Scheduled Evaluations

Use the Schedules page to automate evaluations — either a one-time future run or a recurring check.

Validate first, then automate

Only schedule a run after you've already done it manually through Runs and confirmed the provider, dataset, and config all work. A schedule multiplies an existing workflow — it's not a substitute for first verifying things work.

One-time schedule

Set up a run for a specific future date and time.

  1. Open Schedules
  2. Choose One time
  3. Enter a schedule name
  4. Pick a provider, dataset, and model name
  5. Set the date/time and timezone
  6. Optionally add JSON run config
  7. Save

When to use: "Rerun this benchmark tomorrow morning after the deployment goes live."

Recurring schedule

Set up a run that repeats on a cadence.

  1. Open Schedules
  2. Choose Recurring
  3. Pick cadence: hourly, daily, or weekly
  4. Set interval and execution time
  5. For weekly: select which days
  6. Review the RRULE preview
  7. Save

If the visual builder is too limiting, switch to manual RRULE input and paste the exact rule.

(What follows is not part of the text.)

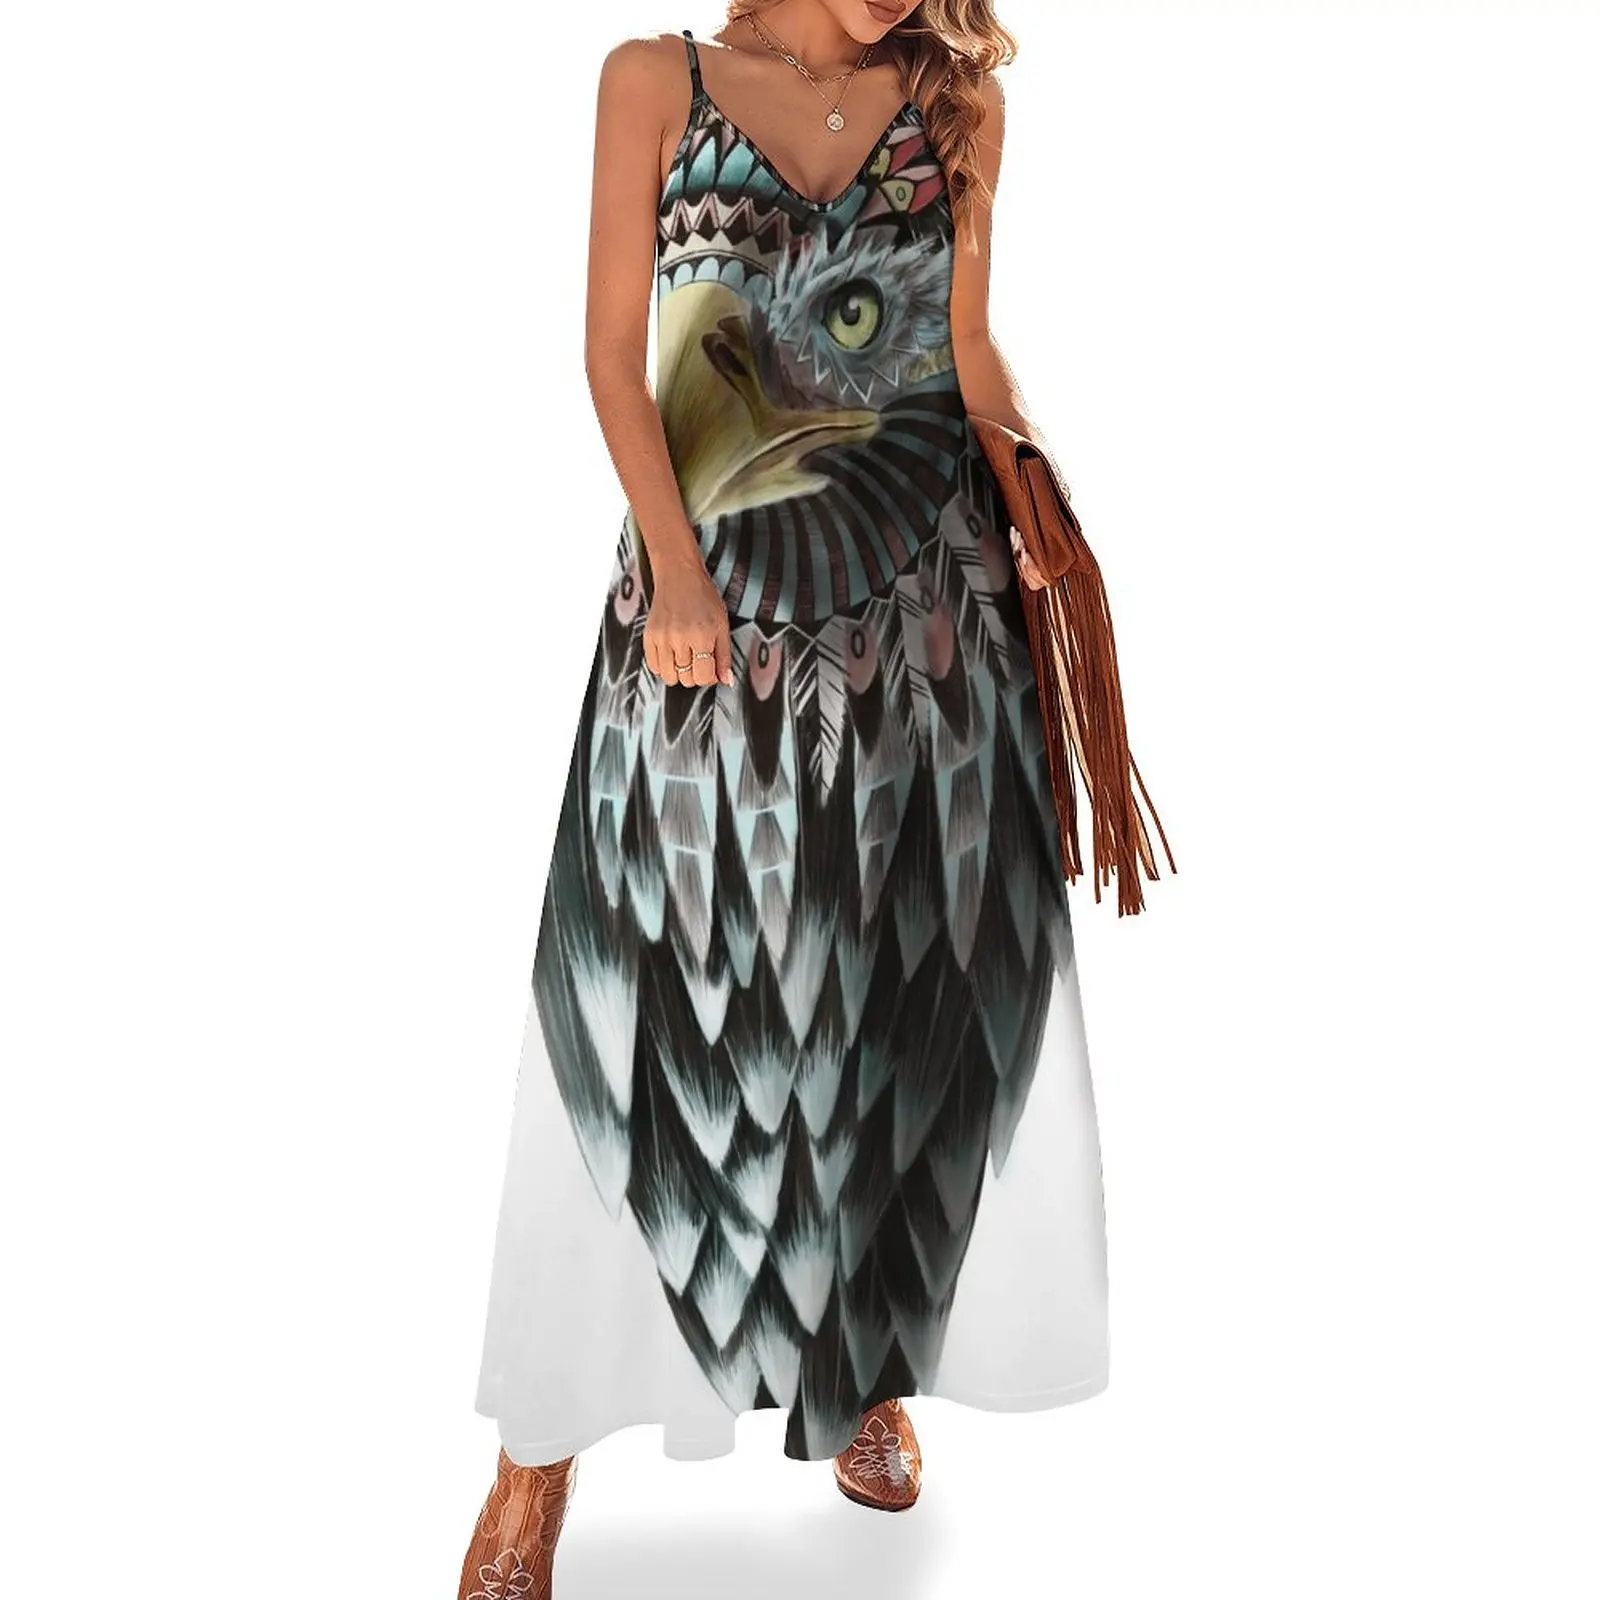 New Mythical Eagle Shaman Sleeveless Dress Womens dresses Party dresses for women dresses with long sleeves
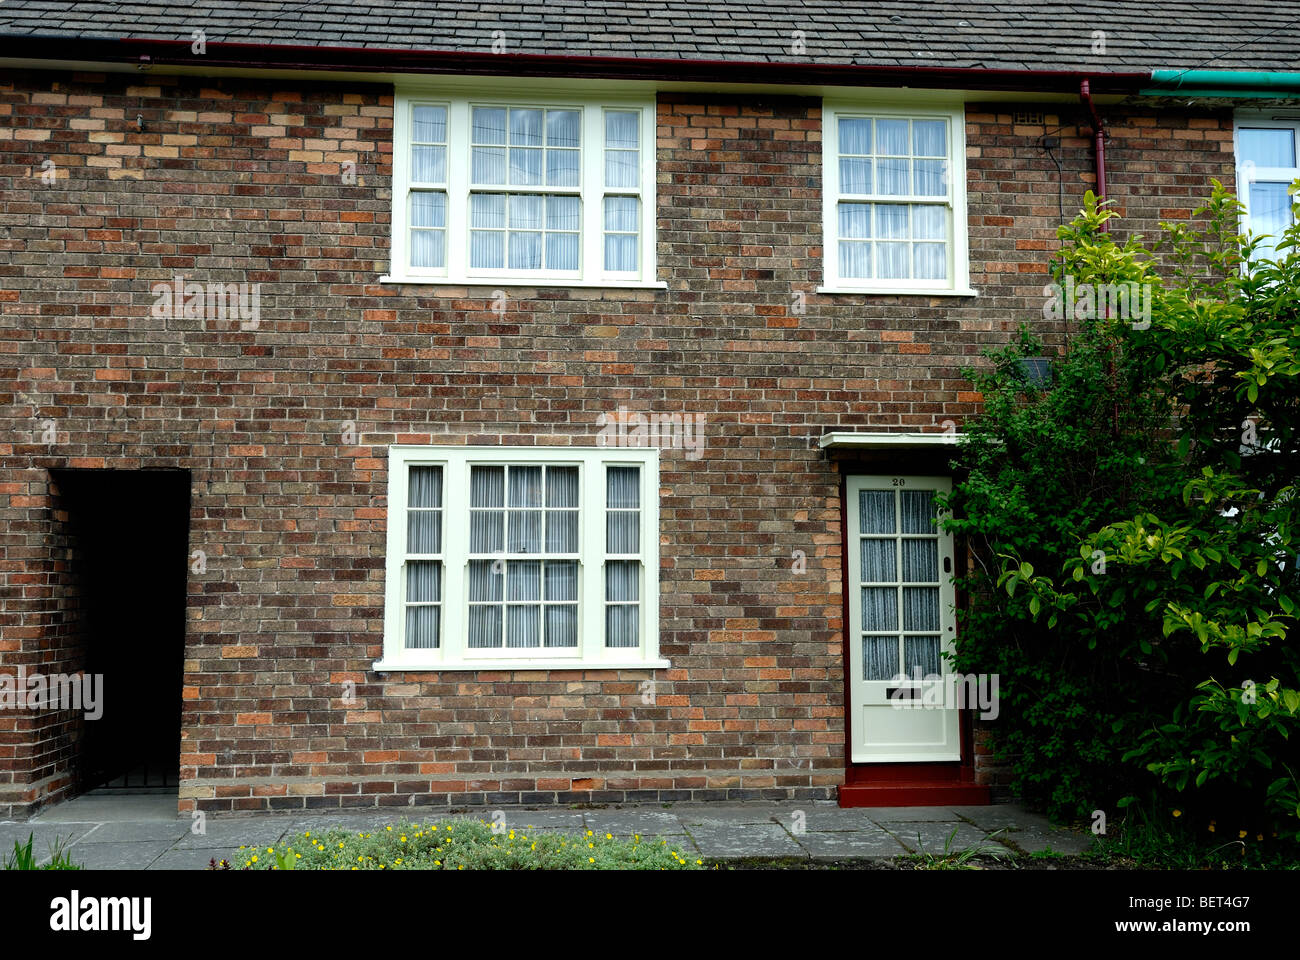 20 Forthlin Road Liverpool Casa d'infanzia di Paul McCartney dei Beatles. Immagine presa da un luogo pubblico Foto Stock

When to use: "Check this provider every Monday morning" or "Run a nightly regression suite."

Managing schedules

From the schedule list you can:

  • Rename, pause, resume, or delete schedules
  • Update the model name, config, or timing
  • See the last run time and next planned run time

Tips

  • Name schedules descriptively. The name appears in run history, so "GPT-4o Daily Regression" is more useful than "Schedule 1."
  • Reuse saved provider models — they auto-suggest in the schedule form and prevent typos.
  • Start with small datasets when validating a new recurring rule.